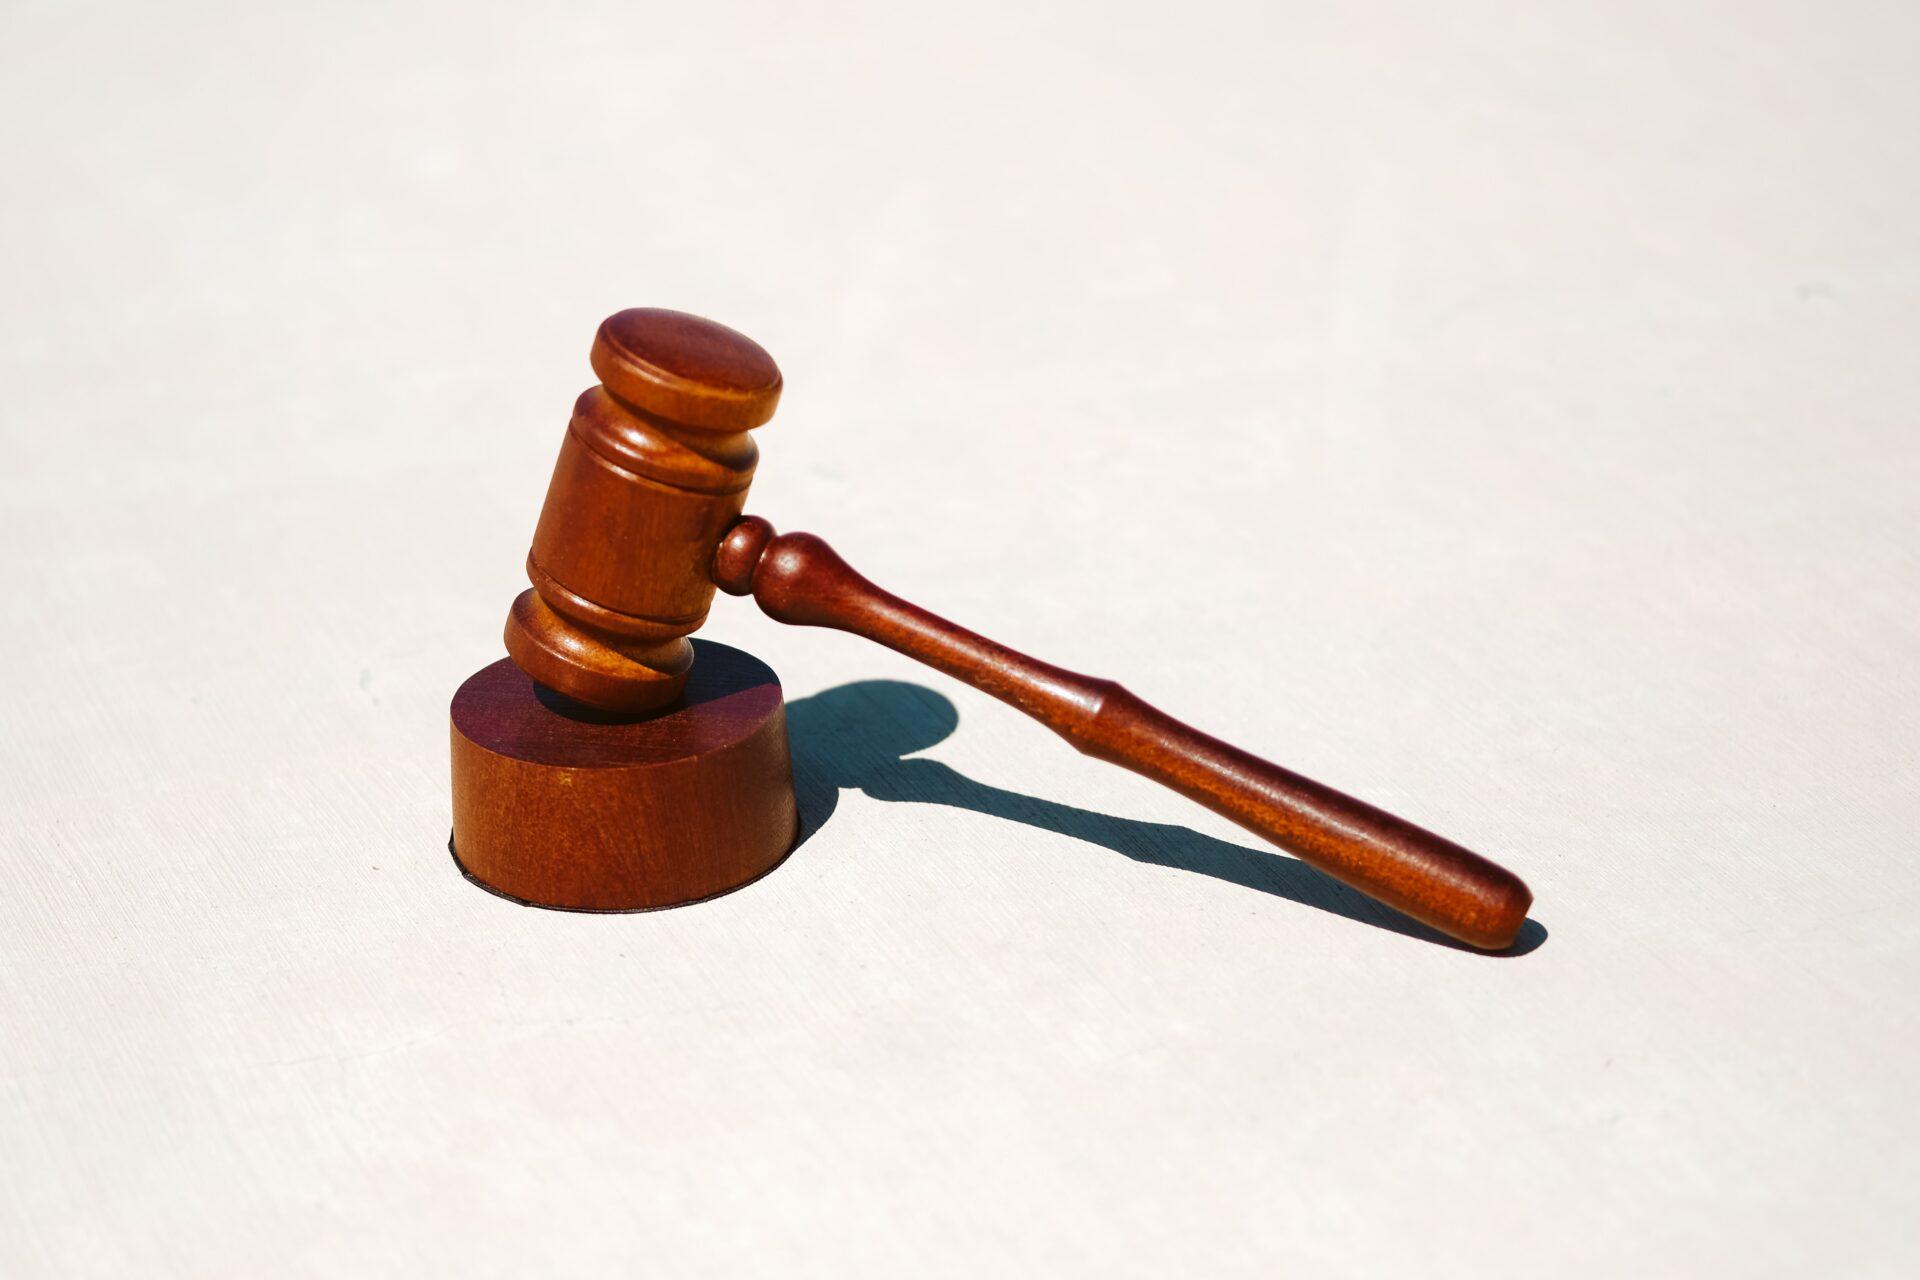 maillet de juge symbole de la justice
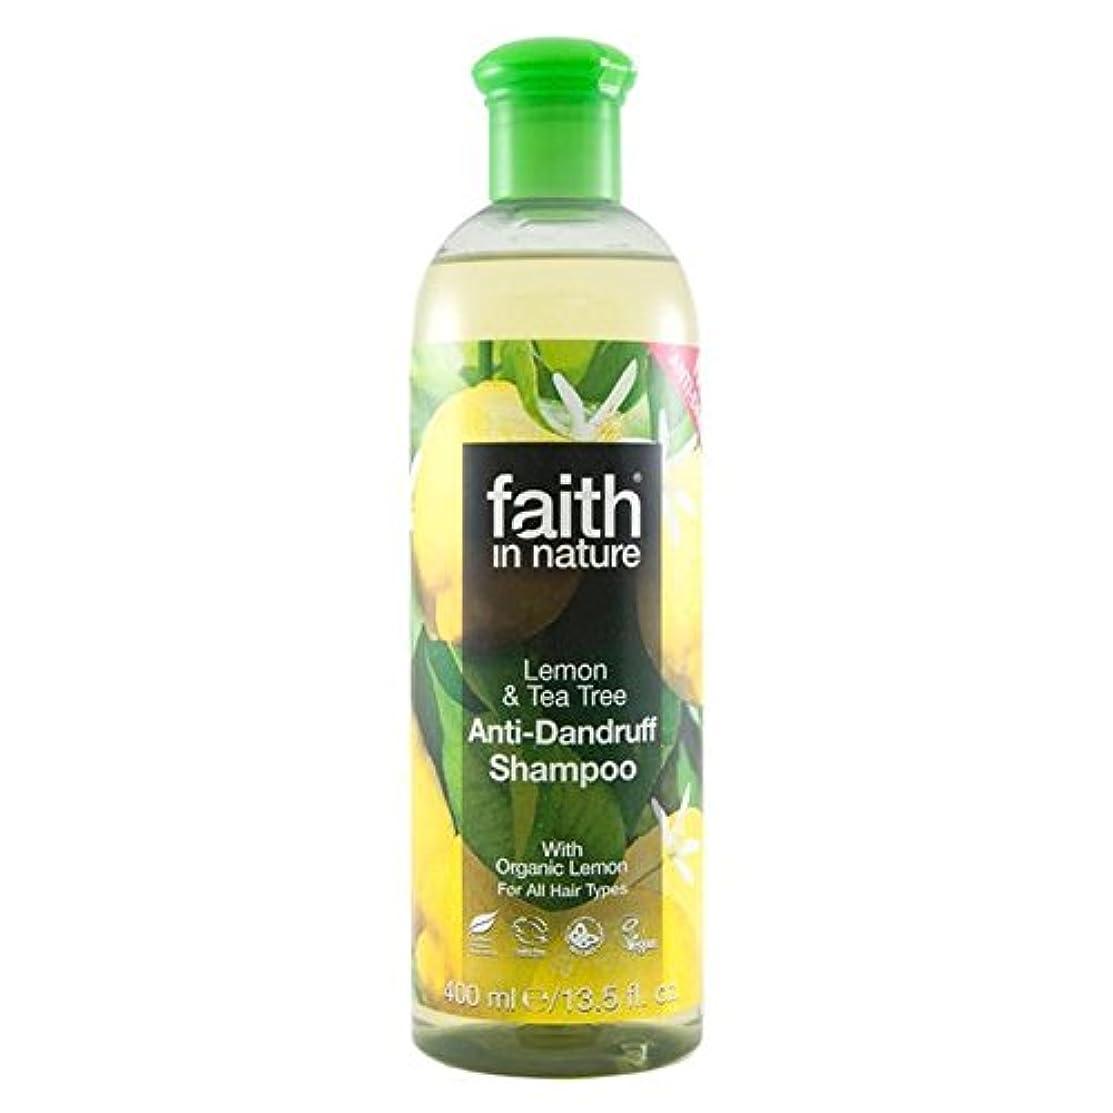 トレード風味引退するFaith in Nature Anti-Dandruff Lemon & Tea Tree Shampoo 400ml (Pack of 2) - (Faith In Nature) 自然の中で信仰抗フケレモン&ティーツリーシャンプー400ミリリットル (x2) [並行輸入品]
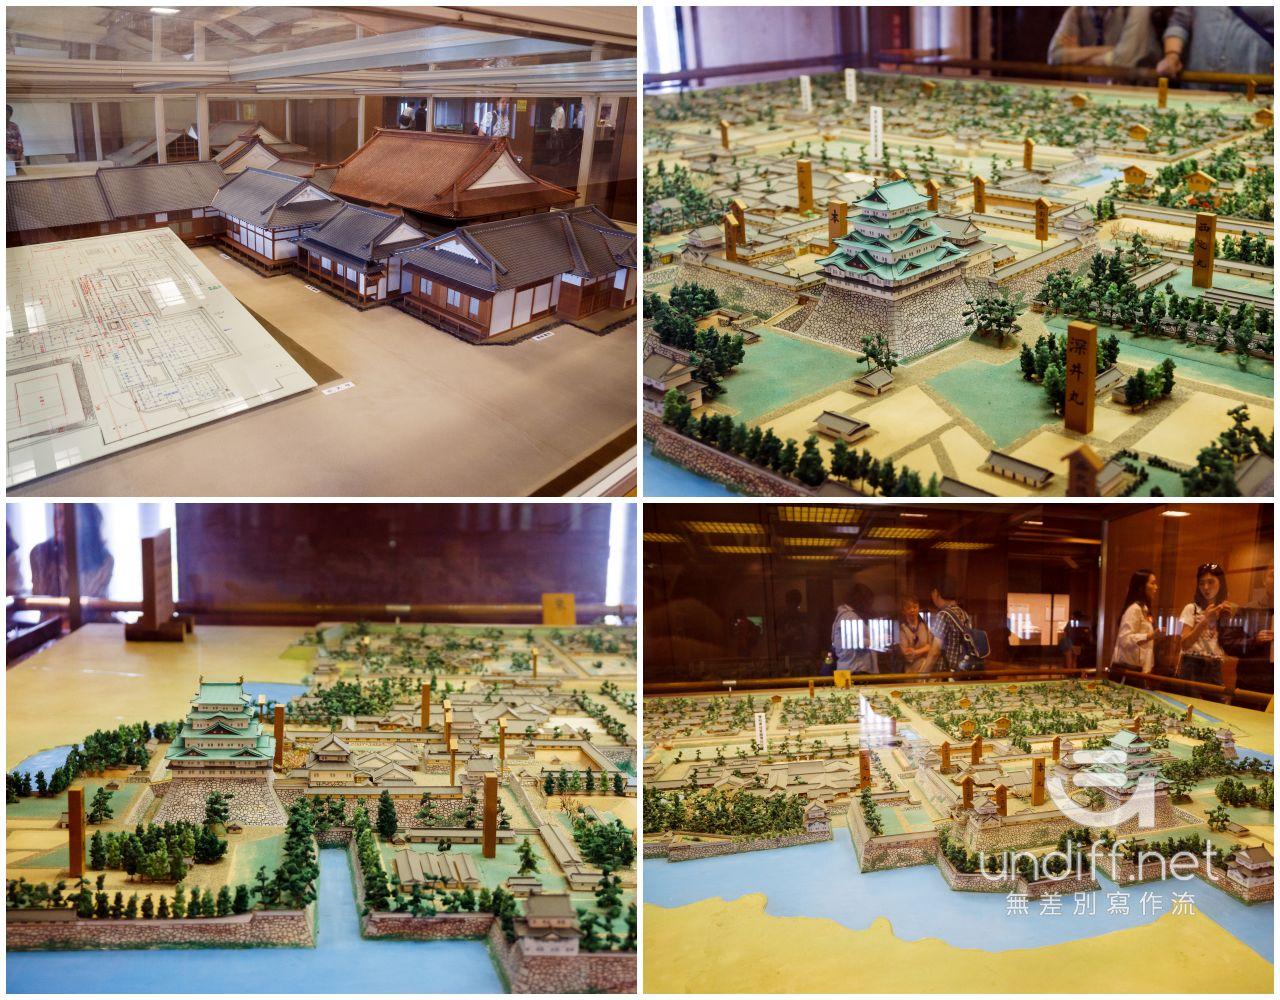 【名古屋景點】名古屋城 》天守閣、本丸御殿與金鯱 76

—————

> _What to work on_
Please return all of the material above exactly, minus any pictures.

> _Result of the task_
 maillet de juge symbole de la justice
 トレード風味引退するFaith in Nature Anti-Dandruff Lemon & Tea Tree Shampoo 400ml (Pack of 2) - (Faith In Nature) 自然の中で信仰抗フケレモン&ティーツリーシャンプー400ミリリットル (x2) [並行輸入品]
 【名古屋景點】名古屋城 》天守閣、本丸御殿與金鯱 76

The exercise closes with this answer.